=== Begin Enclosure ===

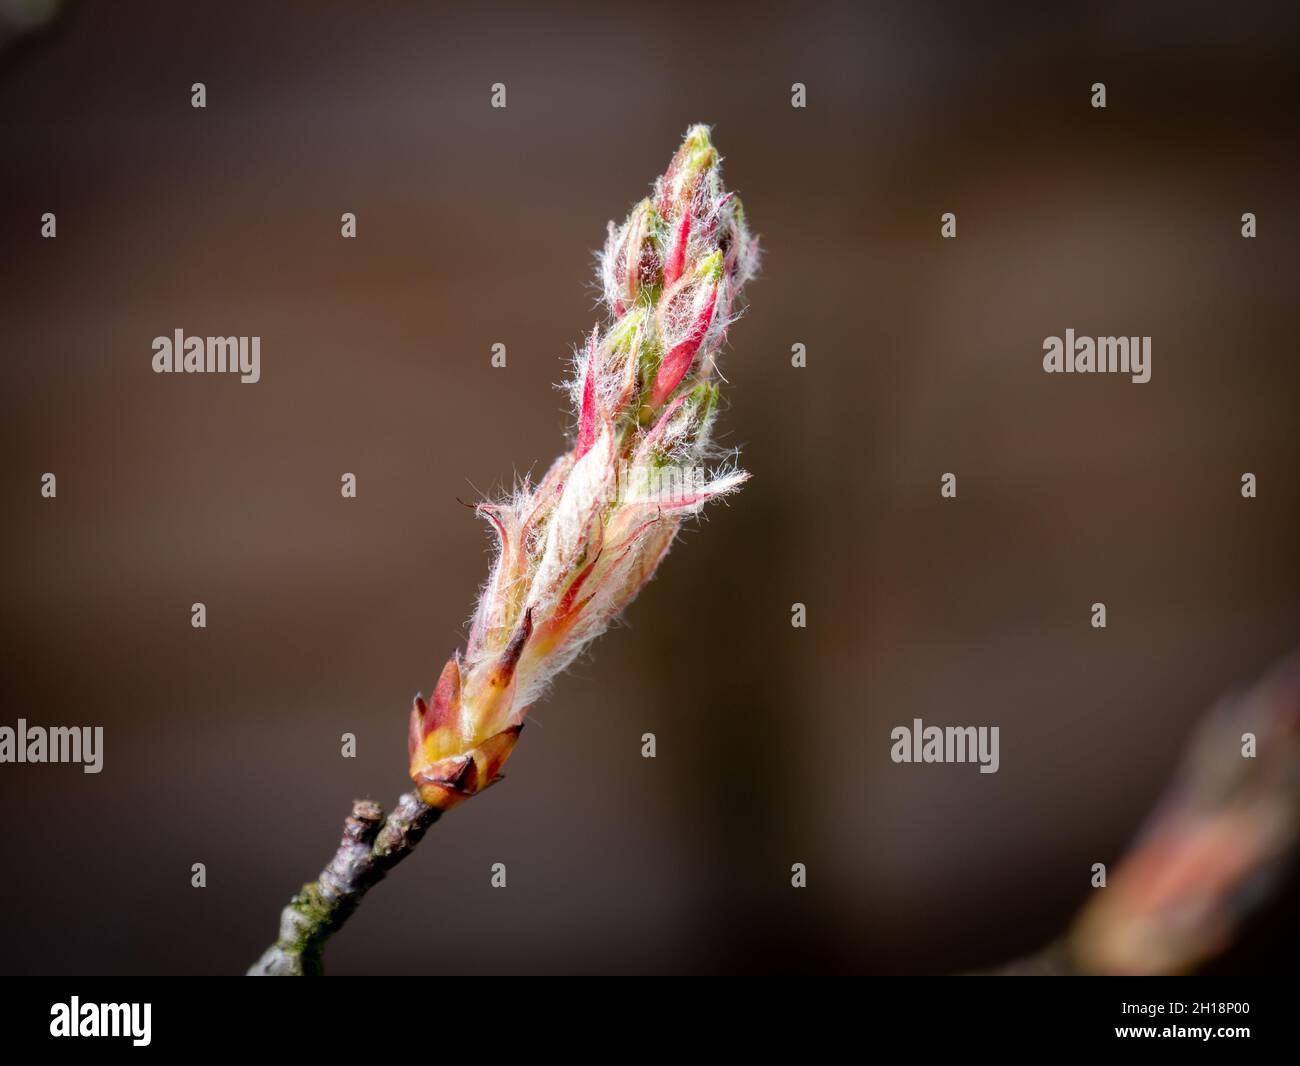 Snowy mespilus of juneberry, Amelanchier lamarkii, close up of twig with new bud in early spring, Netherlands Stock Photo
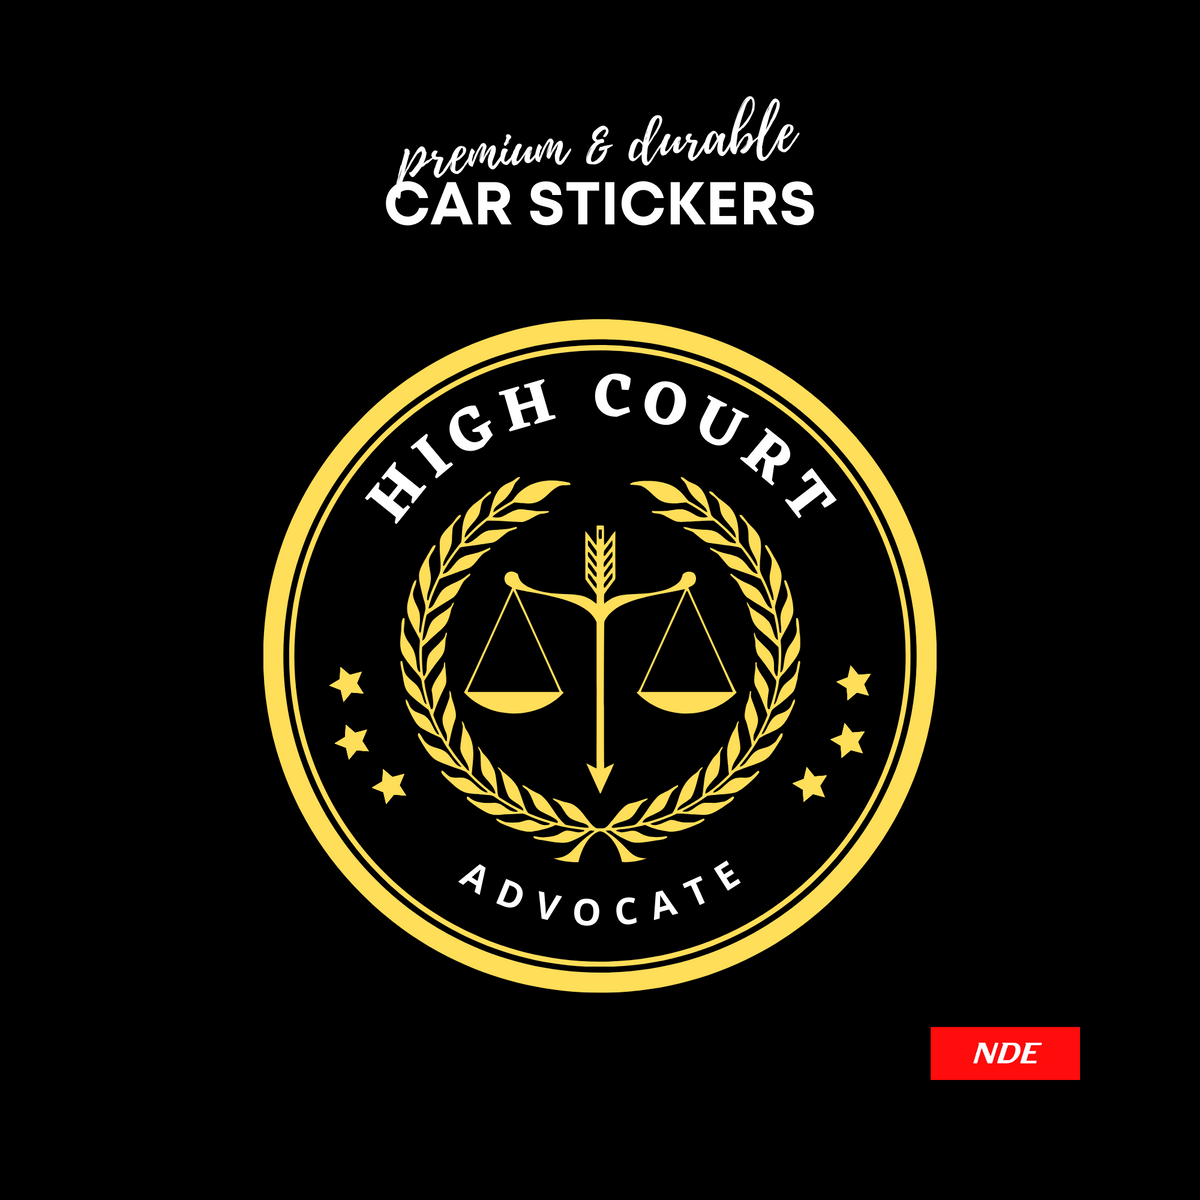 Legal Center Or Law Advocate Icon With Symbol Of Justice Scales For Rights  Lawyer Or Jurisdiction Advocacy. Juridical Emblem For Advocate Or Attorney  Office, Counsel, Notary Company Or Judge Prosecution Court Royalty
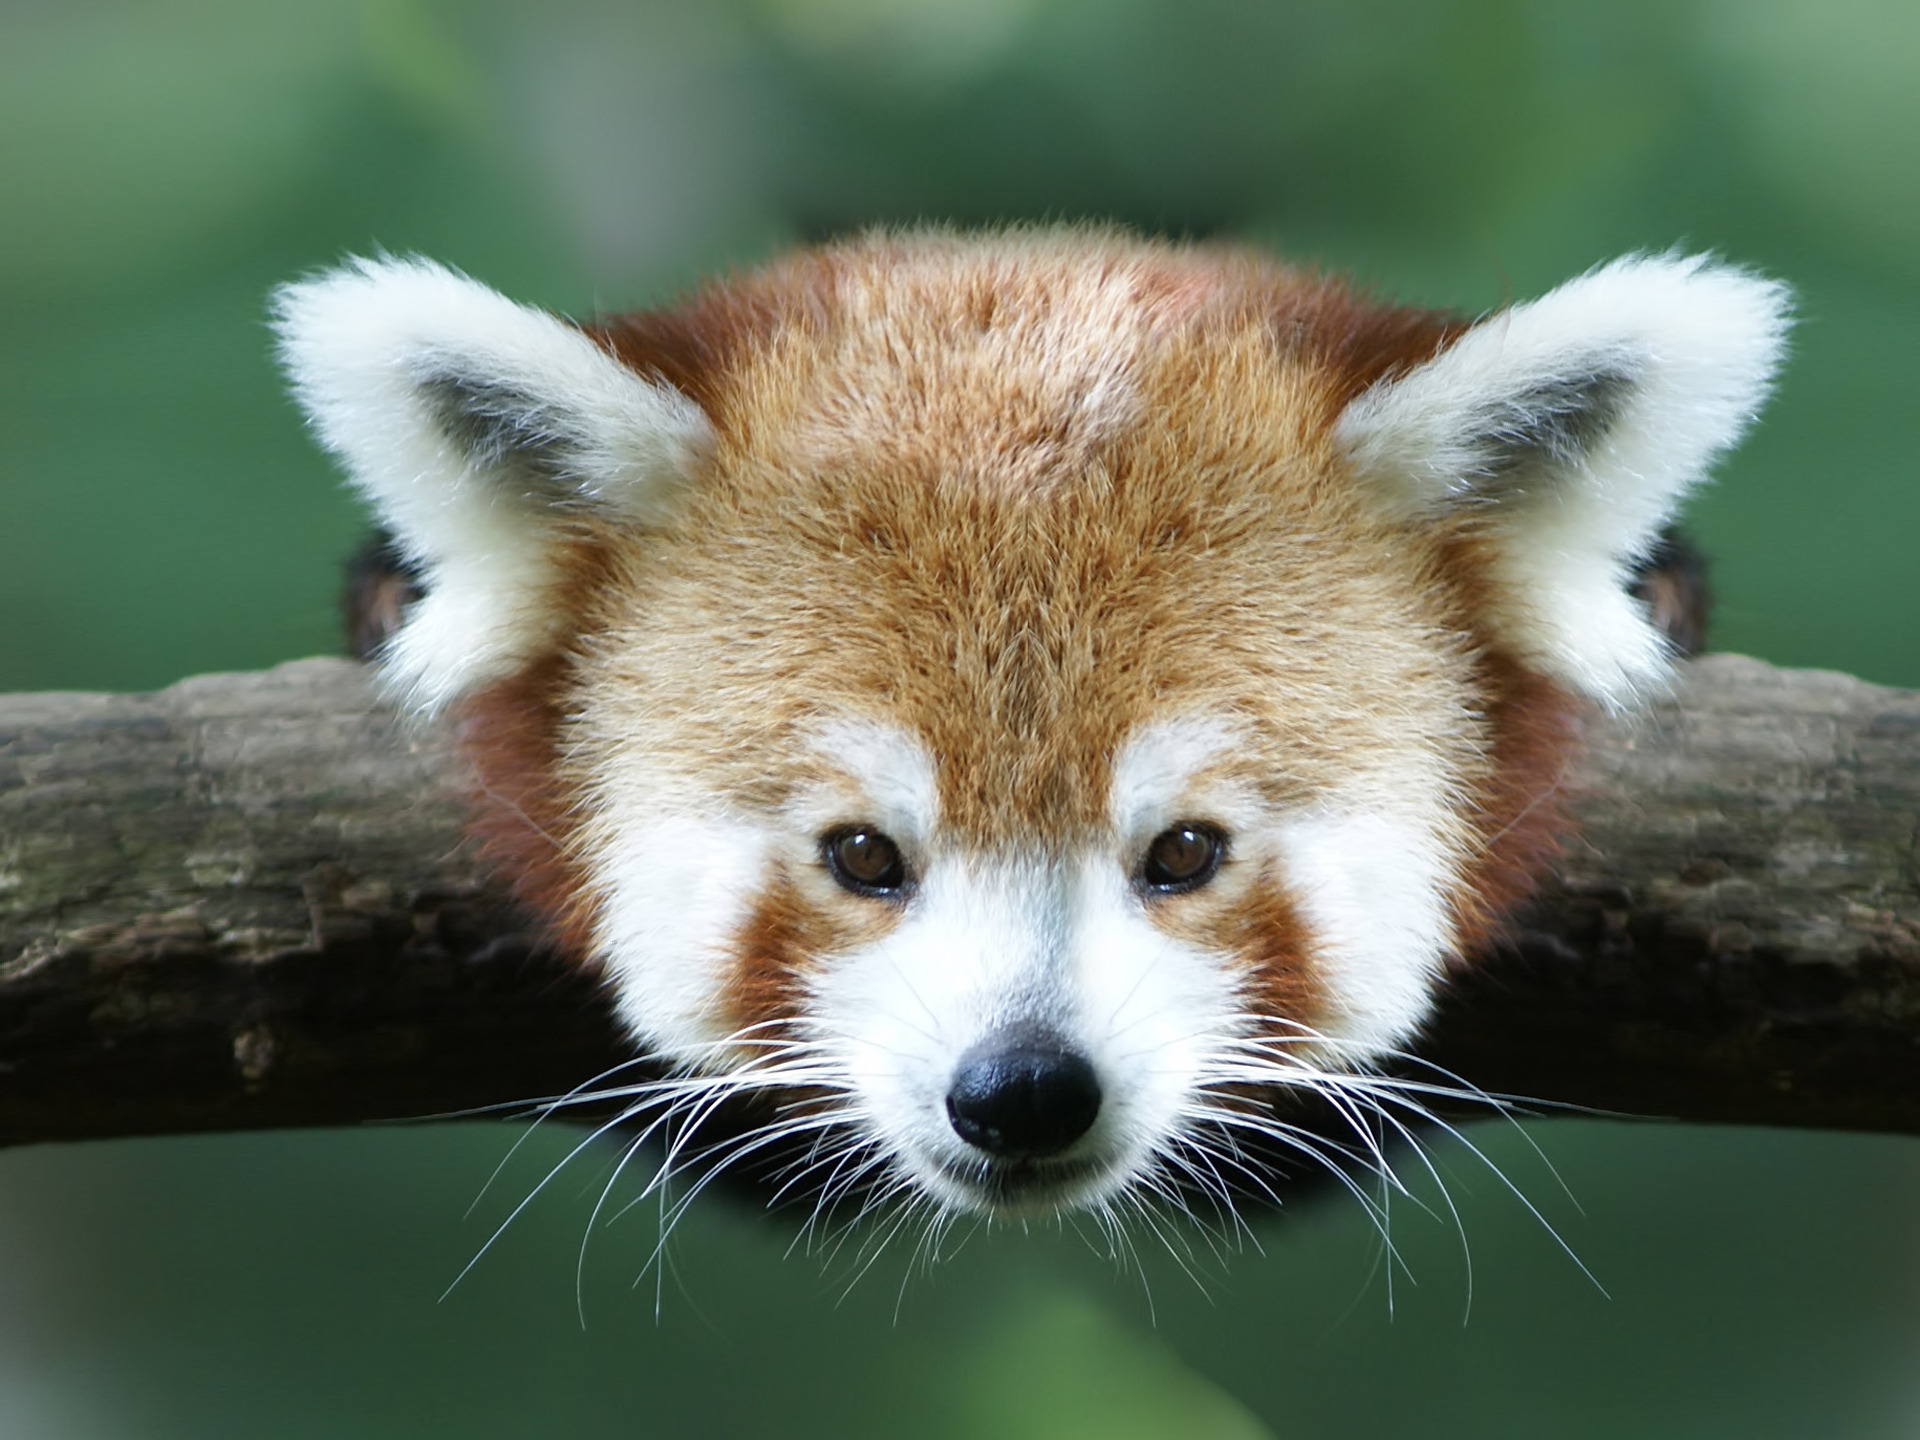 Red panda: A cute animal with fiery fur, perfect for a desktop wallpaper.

=== End Enclosure ===

■ Exercise goal:
Transcribe each line above verbatim, with the pictures left out.

■ Solution for this task:
 Snowy mespilus of juneberry, Amelanchier lamarkii, close up of twig with new bud in early spring, Netherlands Stock Photo
 Legal Center Or Law Advocate Icon With Symbol Of Justice Scales For Rights  Lawyer Or Jurisdiction Advocacy. Juridical Emblem For Advocate Or Attorney  Office, Counsel, Notary Company Or Judge Prosecution Court Royalty
 Red panda: A cute animal with fiery fur, perfect for a desktop wallpaper.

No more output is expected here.